• **Problem**
Without changing a word, copy every line of the listing below and leave out the images.

• **Recorded information**
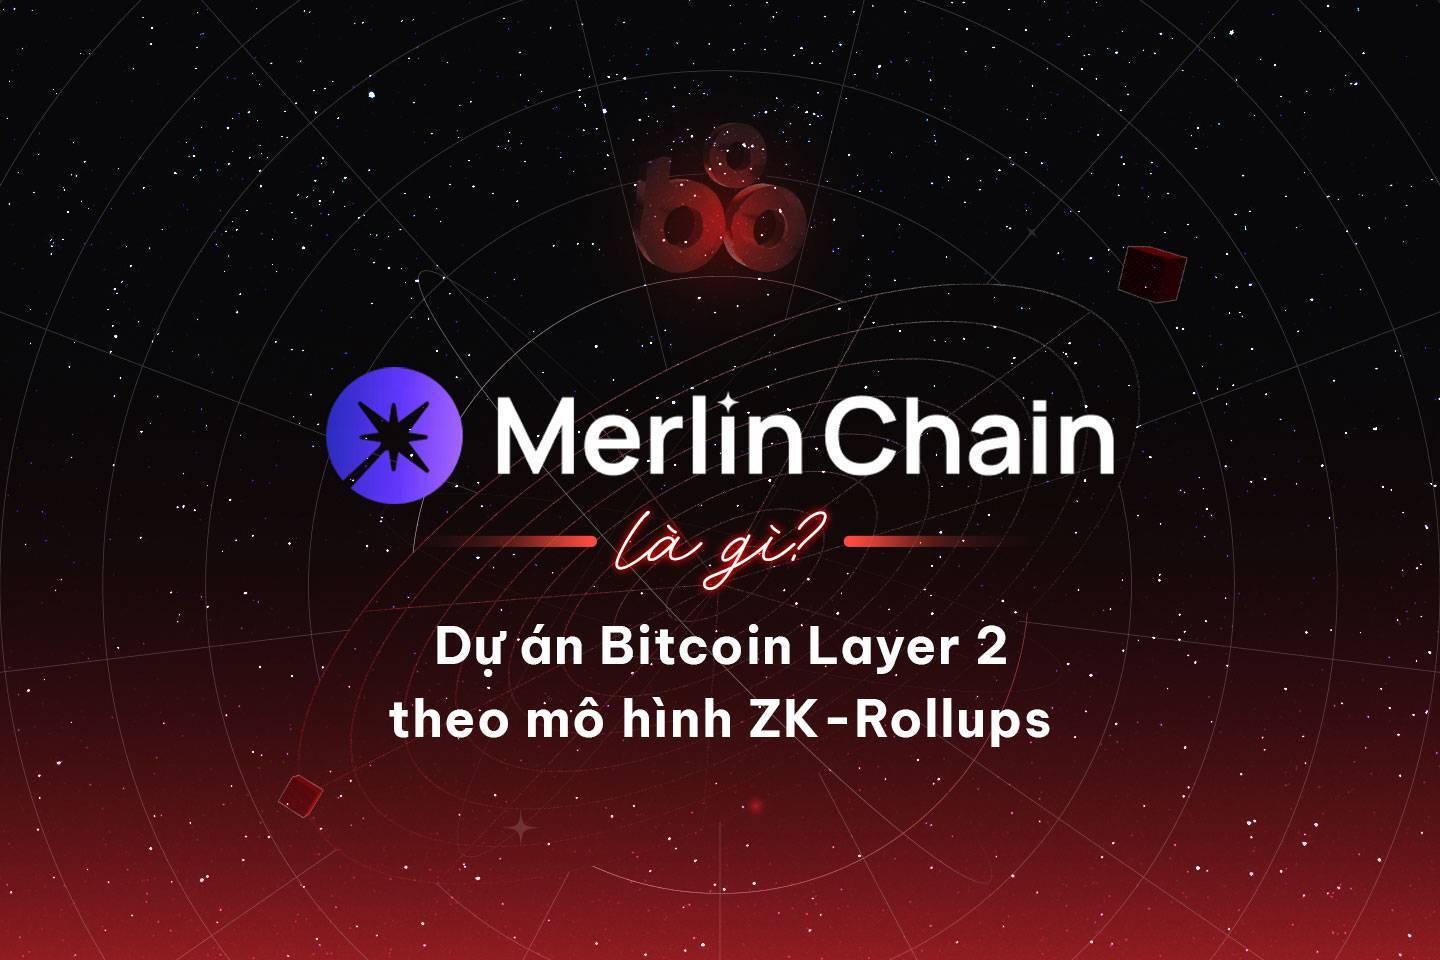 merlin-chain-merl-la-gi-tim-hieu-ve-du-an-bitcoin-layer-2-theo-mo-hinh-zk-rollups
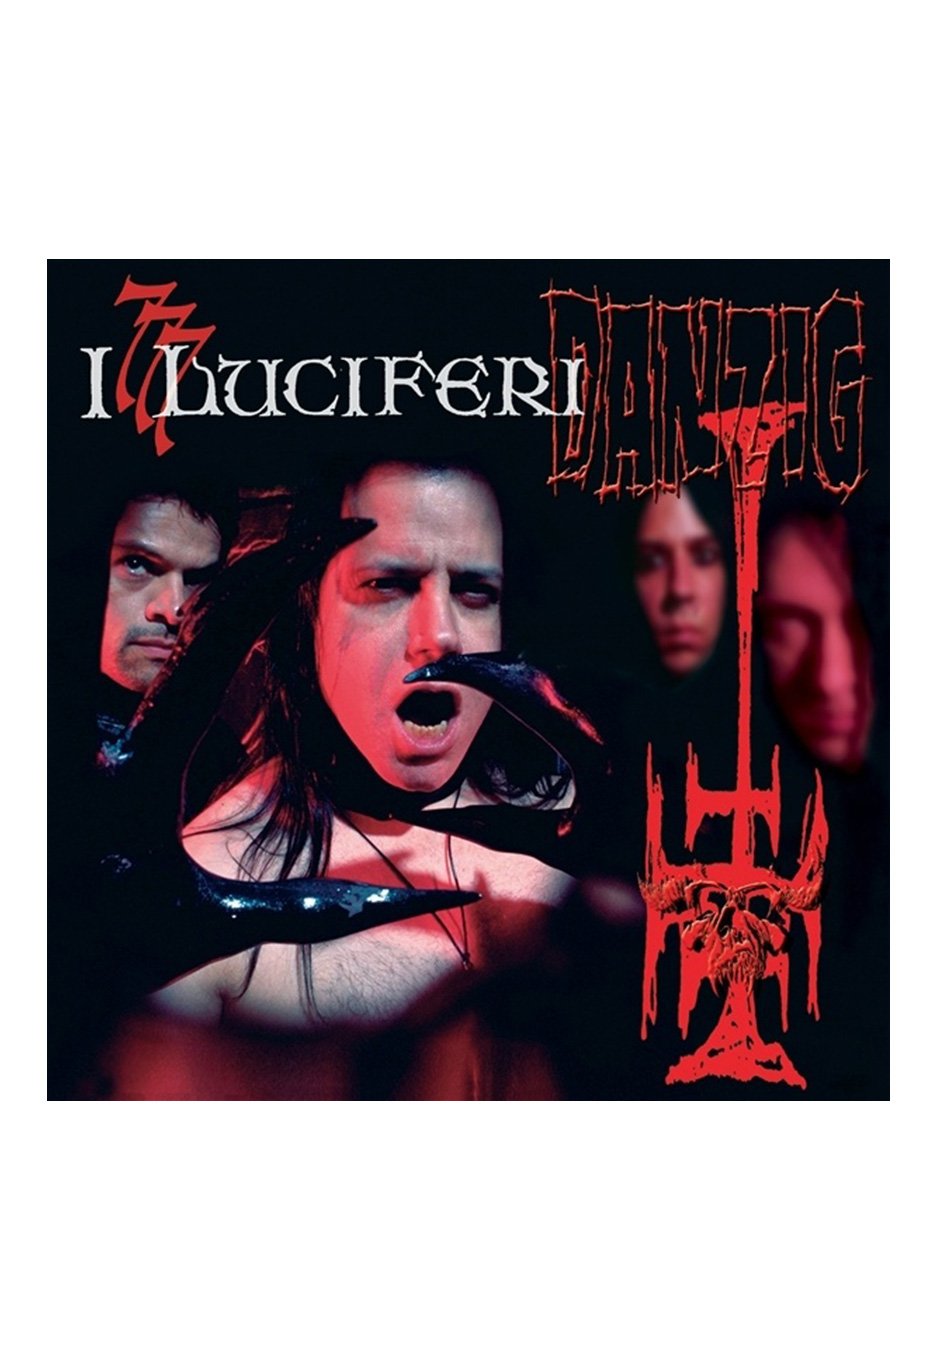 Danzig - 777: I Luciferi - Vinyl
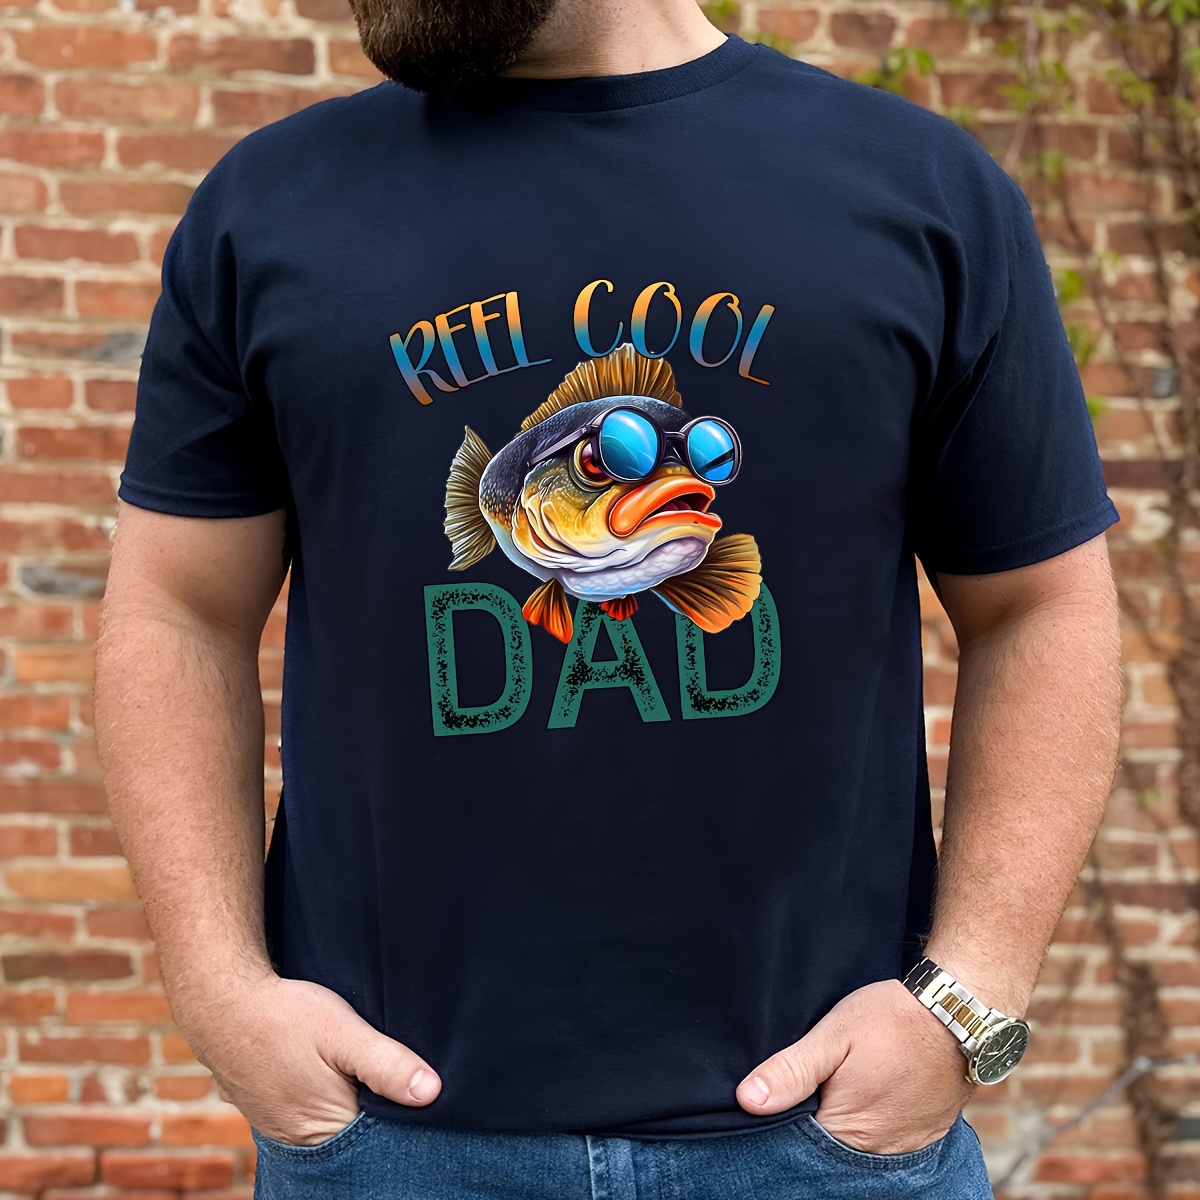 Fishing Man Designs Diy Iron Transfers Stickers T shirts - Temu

• **Solution to the problem**
 merlin-chain-merl-la-gi-tim-hieu-ve-du-an-bitcoin-layer-2-theo-mo-hinh-zk-rollups
 Danzig - 777: I Luciferi - Vinyl
 Fishing Man Designs Diy Iron Transfers Stickers T shirts - Temu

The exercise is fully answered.